▶ _RECORDS TO PROCESS_
BEGIN
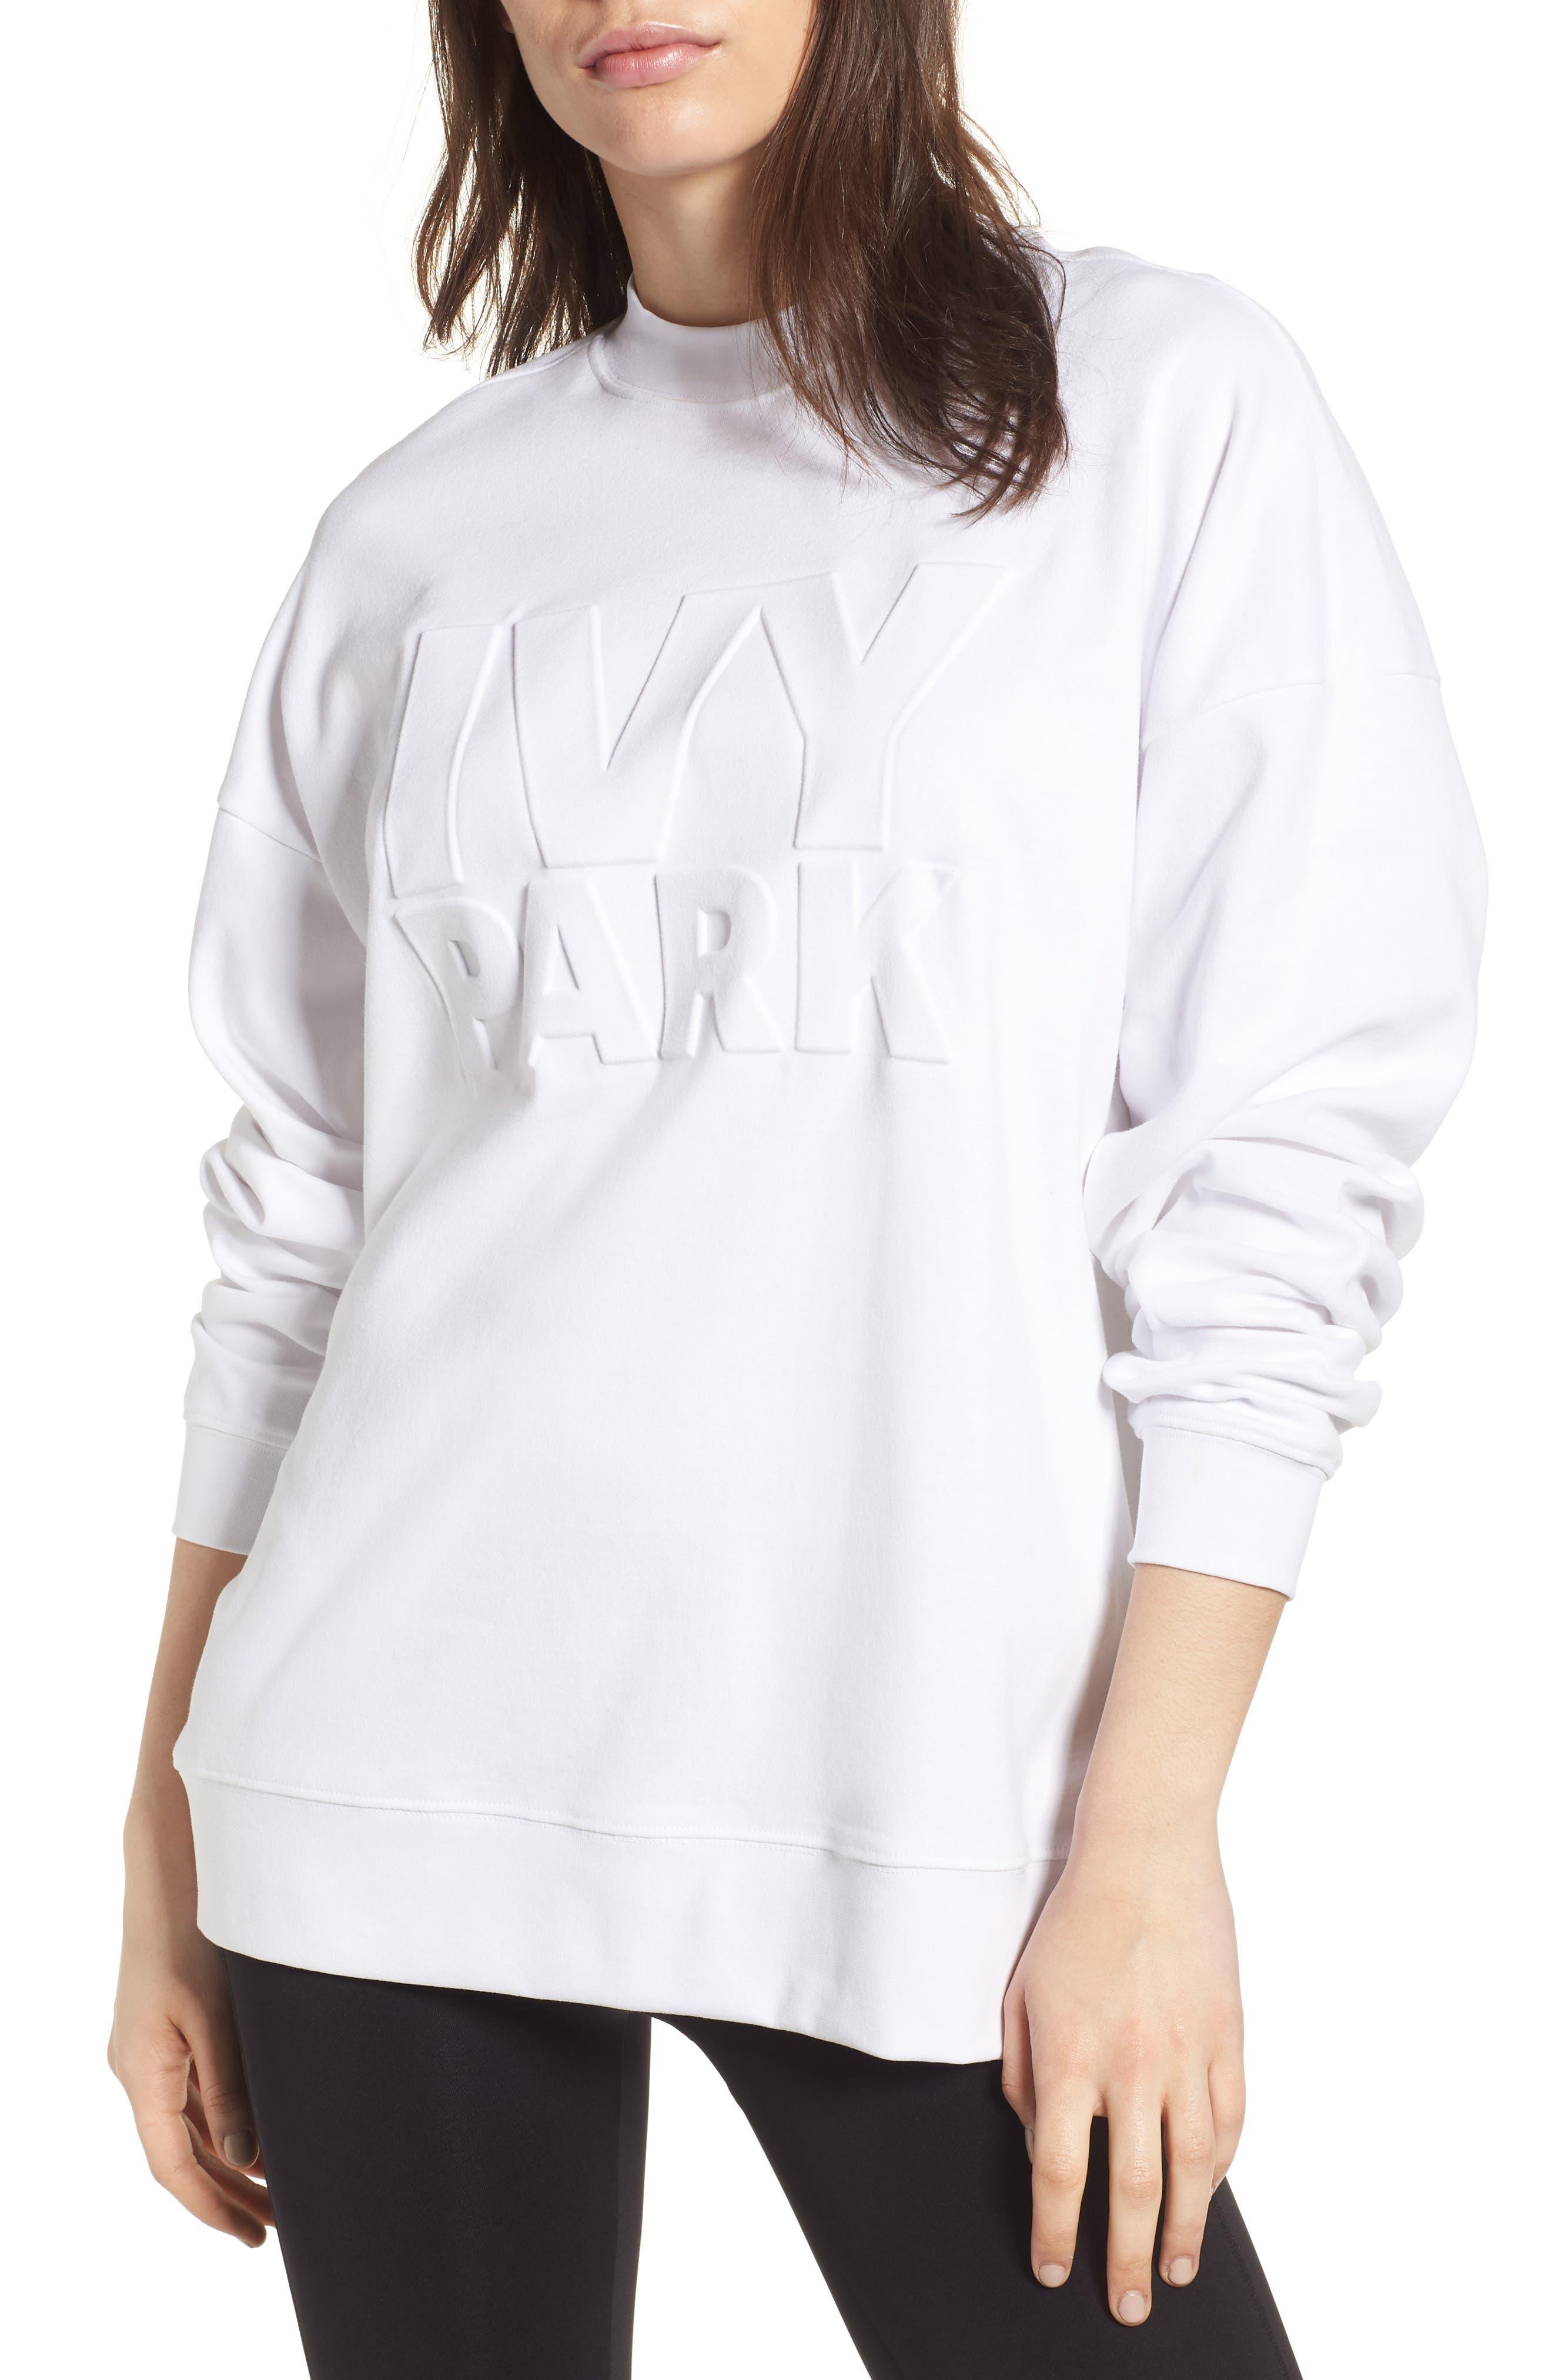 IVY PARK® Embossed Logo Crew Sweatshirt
END
BEGIN
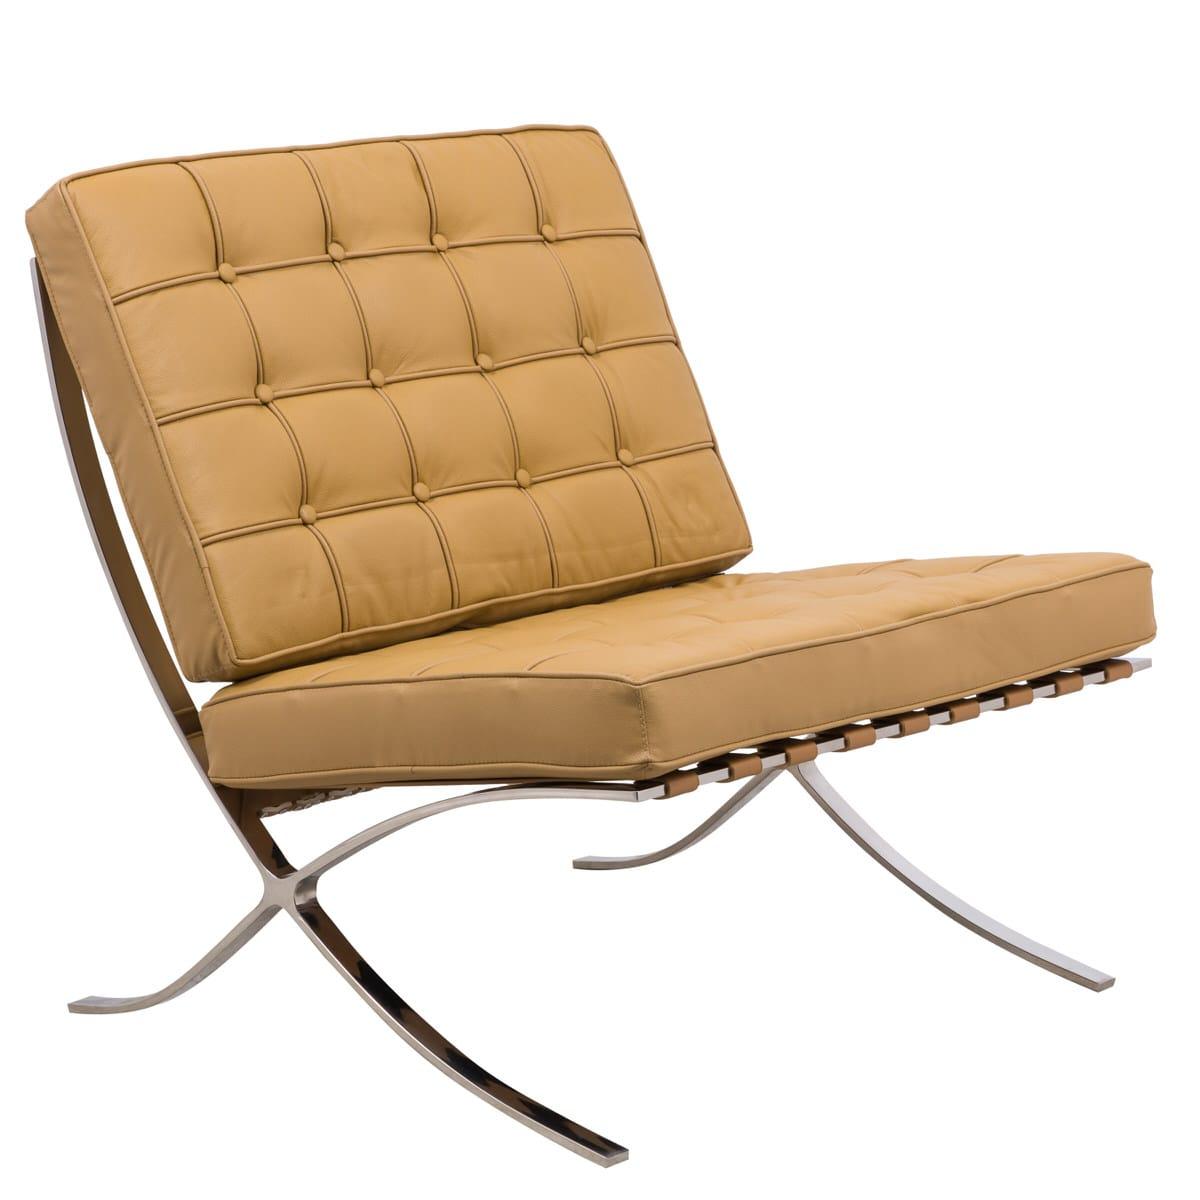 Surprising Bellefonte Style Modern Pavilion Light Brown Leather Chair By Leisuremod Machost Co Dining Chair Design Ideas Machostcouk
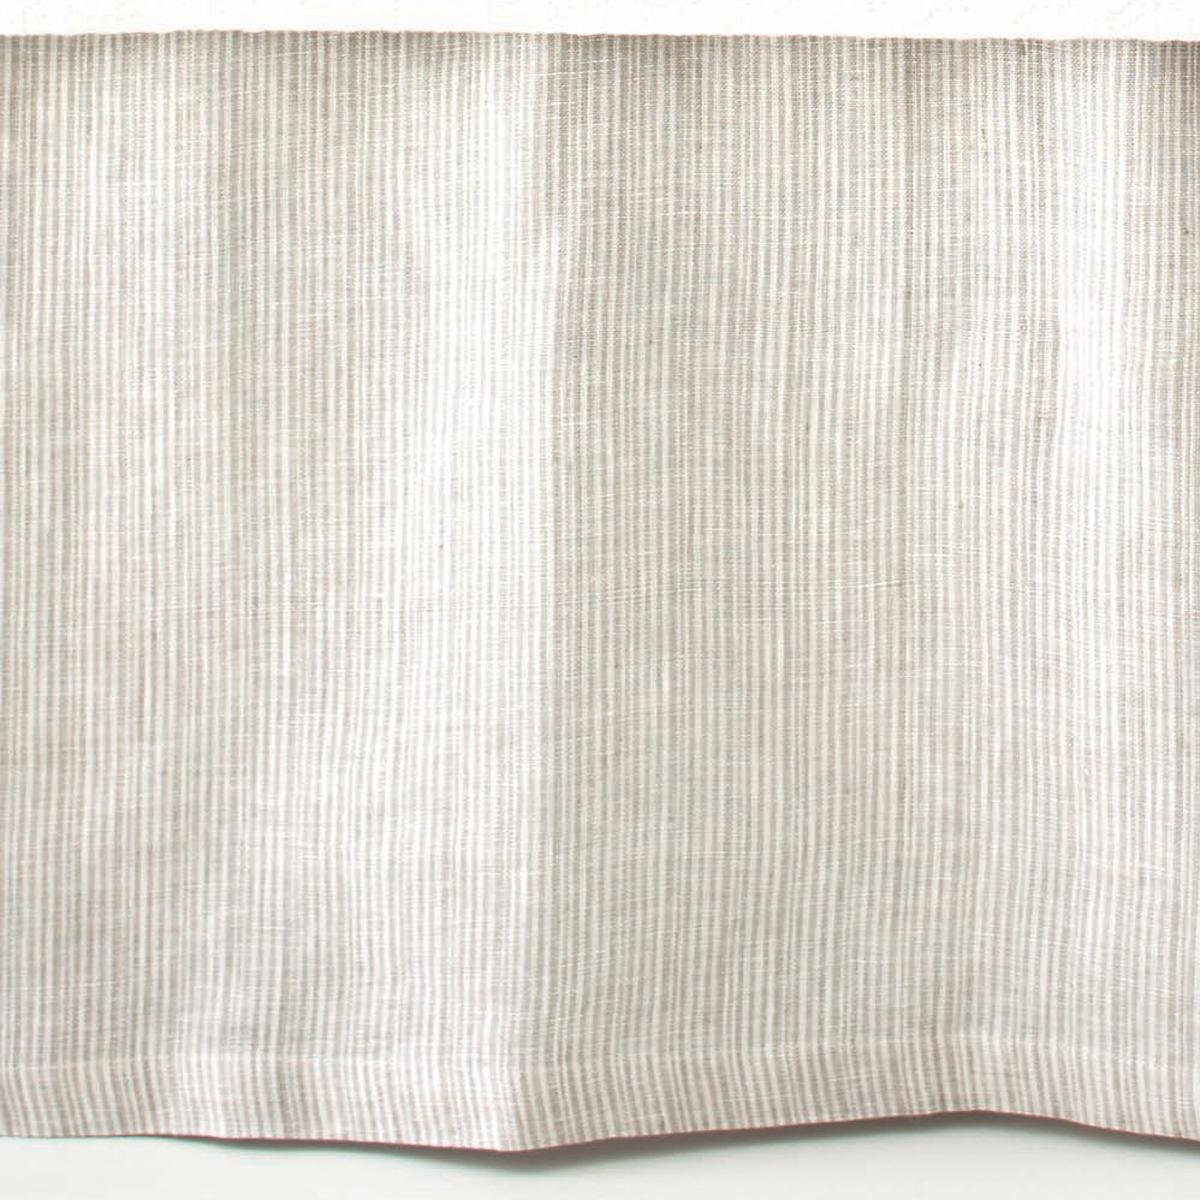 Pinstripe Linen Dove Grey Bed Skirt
END
▶ _TASK GOAL_
Copy nothing but the lines above that run from the one with "Surprising Bellefonte Style" to the one with "Pinstripe Linen Dove Grey Bed Skirt", ends included; pictures stay out.

▶ _EXERCISE OUTPUT_
 Surprising Bellefonte Style Modern Pavilion Light Brown Leather Chair By Leisuremod Machost Co Dining Chair Design Ideas Machostcouk
 Pinstripe Linen Dove Grey Bed Skirt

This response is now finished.